3.6 Metabolite profiling

A total of 57 different metabolites were detected in red seaweeds (Table 1). These metabolites were grouped in the different categories; about 25 types of sugars, 15 fatty acids, 9 sugar derivatives, 7 different amino acids and one polyol were quantified. Maximum 39 different metabolites were detected in SS followed by 23 in GI, 22 in HP, 21 in GC and AA, 19 in KA, and lowest 13 was found in SR. It was also observed that seaweed SS have maximum 12 exclusive metabolites, followed by 4 unique metabolites owned by GI, HP contained 2 while GC have 1 specific metabolites. No exclusive metabolites were detected in other seaweeds AA and SR. Sugar mannobiose was abundantly detected in seaweeds GI (5600 ± 500 µg g−1 DW) followed by AA (4000 ± 250 µg g−1 DW) and SS (2500 ± 150 µg g−1 DW). Seaweed GC contained maximum glucose (11160 ± 185 µg g−1 DW), and KA contained maximum galactose (1275 ± 260 µg g−1 DW), while no abundance of sugars were found in HP and SR seaweeds. Amino acid valine was detected in all seaweeds in the range of 0.5–7 µg g−1 DW. Among fatty acids, palmitic acids were detected in all seaweeds with maximum amount 83 ± 7 µg g−1 DW in GI, followed by SS (40 ± 5 µg g−1 DW).
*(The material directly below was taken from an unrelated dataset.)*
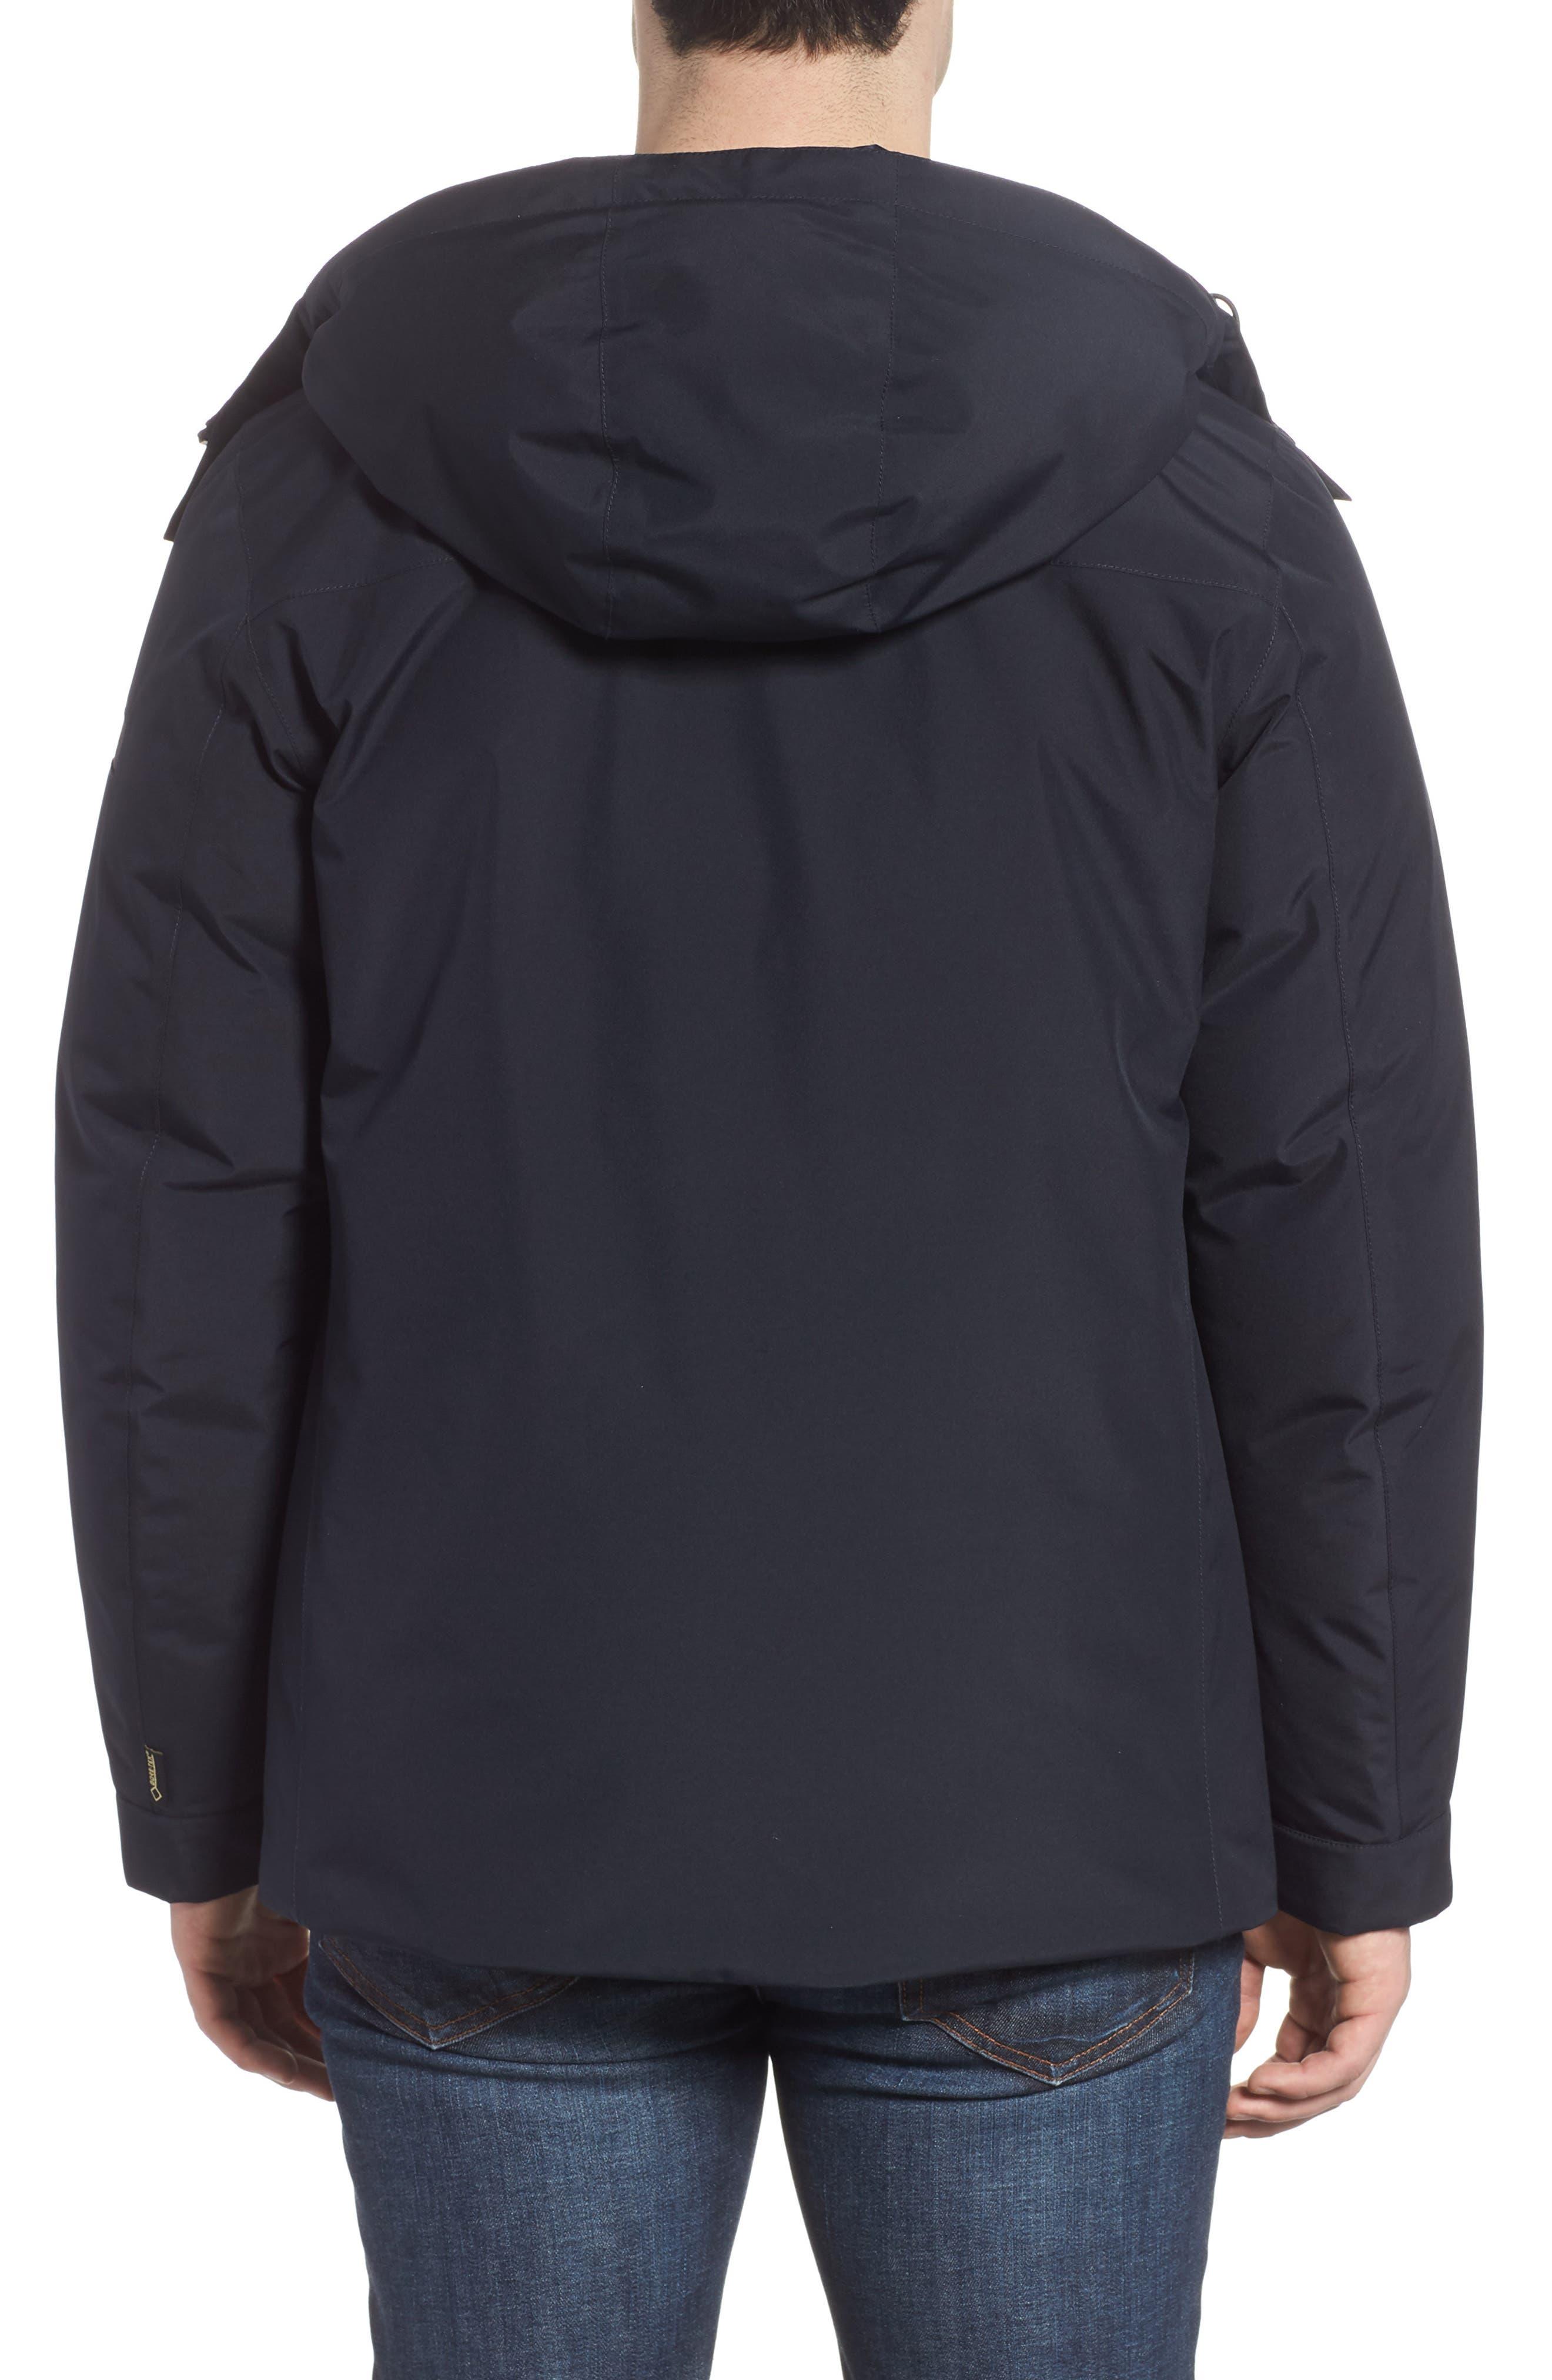 Waterproof Gore-Tex<sup>®</sup> Alpine Jacket,                             Alternate thumbnail 2, color,                             NAVY MELTON

About 20 µg g−1 DW palmitic acids were estimated in seaweeds HP and KA, 17 ± 6 µg g−1 DW palmitic acids was found in AA. Comparatively low amount of palmitic acid was detected in seaweeds SR (10 ± 2 µg g−1 DW) and GC (5 ± 2 µg g−1 DW). Interestingly, GC contained high amount of heptanoic acid (252 ± 43 µg g−1 DW) and octanoic acid (123 ± 7 µg g−1 DW). Metabolites allose, galactonic acid, glucuronic acid and pinitol were exclusively detected in GI. Similarly, glucose and tagatofuranose were found exclusively in GC and KA, respectively. Two sugar-metabolites lyxose and ribofuranose were detected exclusively in HP. About 12 different metabolites, decanoic acid, dodecanoic acid, lignoceric acid, octadecenoic acid, allopyranose, mannitol, sucrose, tagatose, talose, trehalose, xylose and arabinitol were observed exclusively in seaweed SS.

Table 1 Metabolite profiling of tropical red seaweeds. Metabolites were analyzed by GC–MS, identify using in build library and quantified using internal standard.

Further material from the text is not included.